Deeply lonely, Ariel found herself sleeping at odd hours or sitting miserably in the garden. She would suddenly realize it had gone dark while she was maundering. One day Erica stormed passed her, dropping a blanket on her lap. Only then did Ariel realize it was bitterly cold. For a long while, it was the only contact she and Erica had, and Ariel slept with the blanket every night after that. The steady pulse of her need was the only way she marked time.
She had never been truly alone. Even the echoes had been a kind of company. It was a novel experience to be studiously ignored. It hurt to feel Erica’s desire, to hear her ever-continuing song, and not give way. It hurt, but she breathed in enough of Erica’s chemistry to get through the day without weeping. Well, most days.
* * *
On a bleak, gray day that was nearly spring but felt still caught in winter, she was walking the estate’s perimeter fence when she made a most marvelous discovery.
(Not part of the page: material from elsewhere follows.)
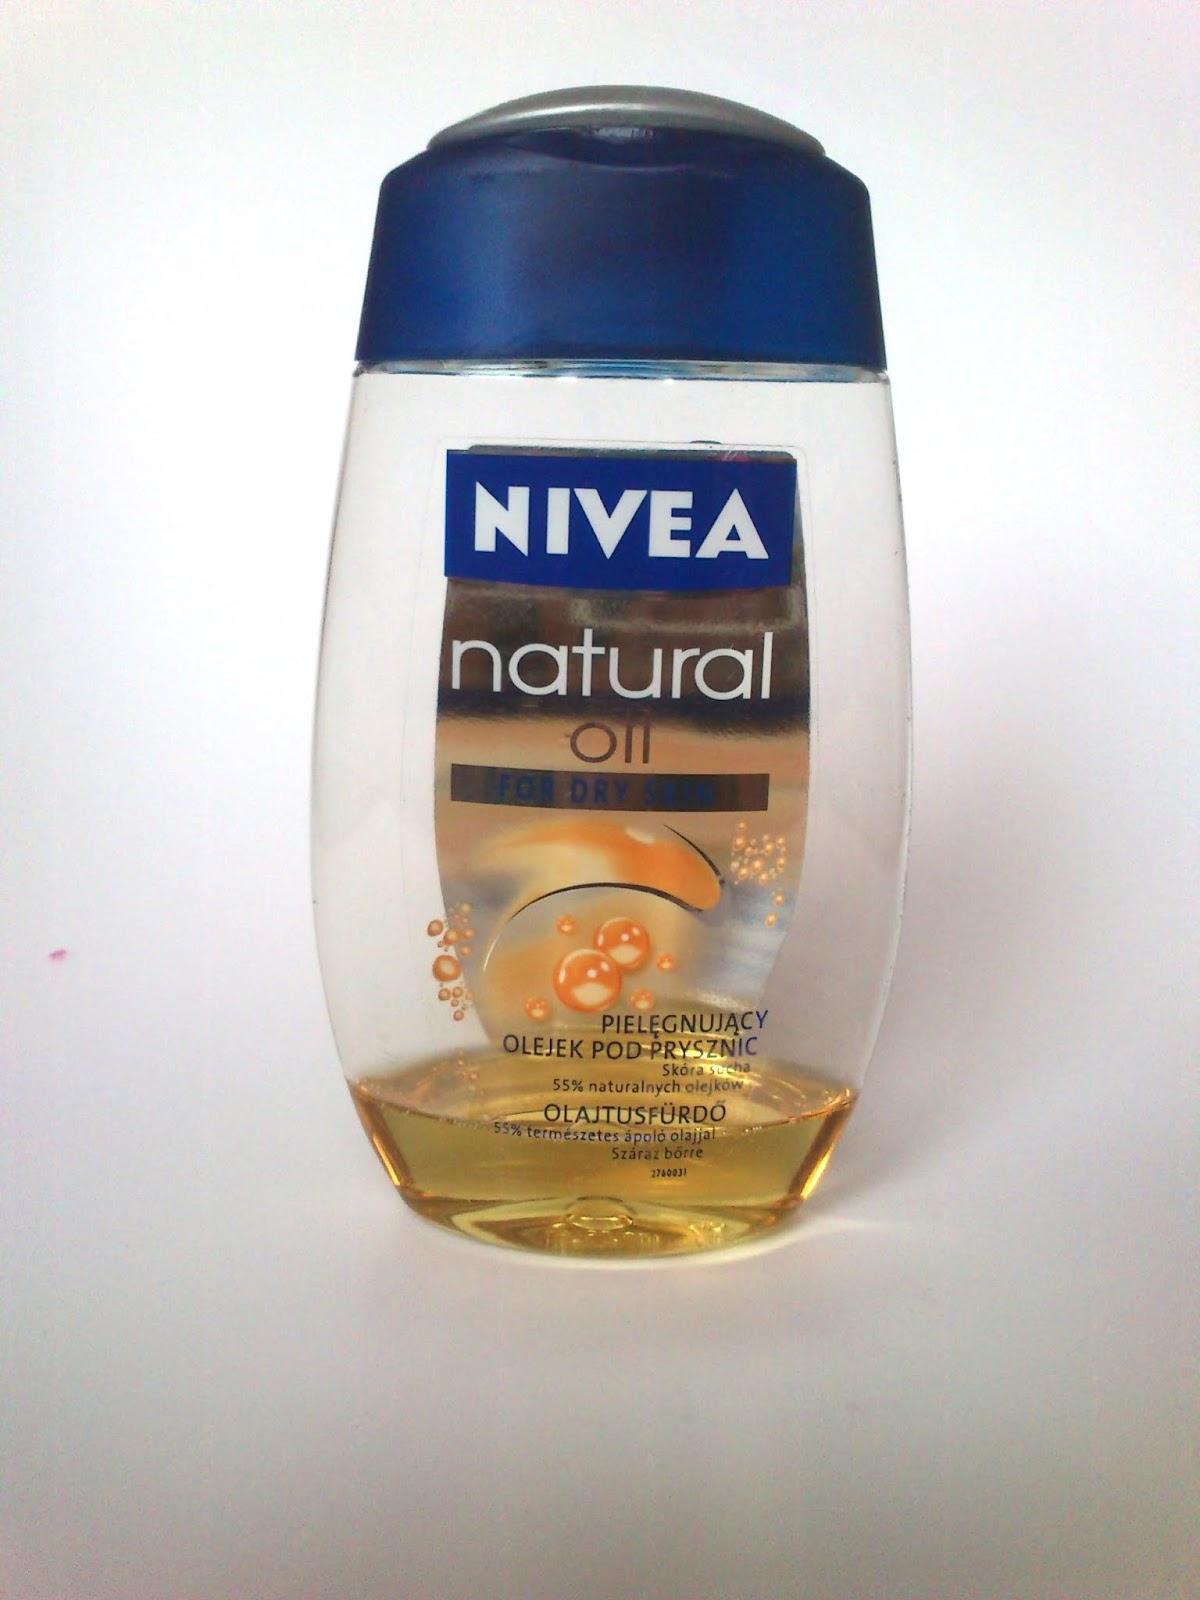 NIVEA NATURAL OIL ( pielęgnujący olejek pod prysznic )

Her path had become a familiar one, and the gentle motion had slowly restored some of her health. She was never too far from Erica that the pain ruined the pleasure of the walk.
At the midpoint she realized she had been so depressed that morning she hadn’t eaten and her body was refusing to go on much further. She cut across the middle of the small wood, thick with eucalyptus and oak, to return to the house. To her surprise, she found herself on the edge of a good-sized pond.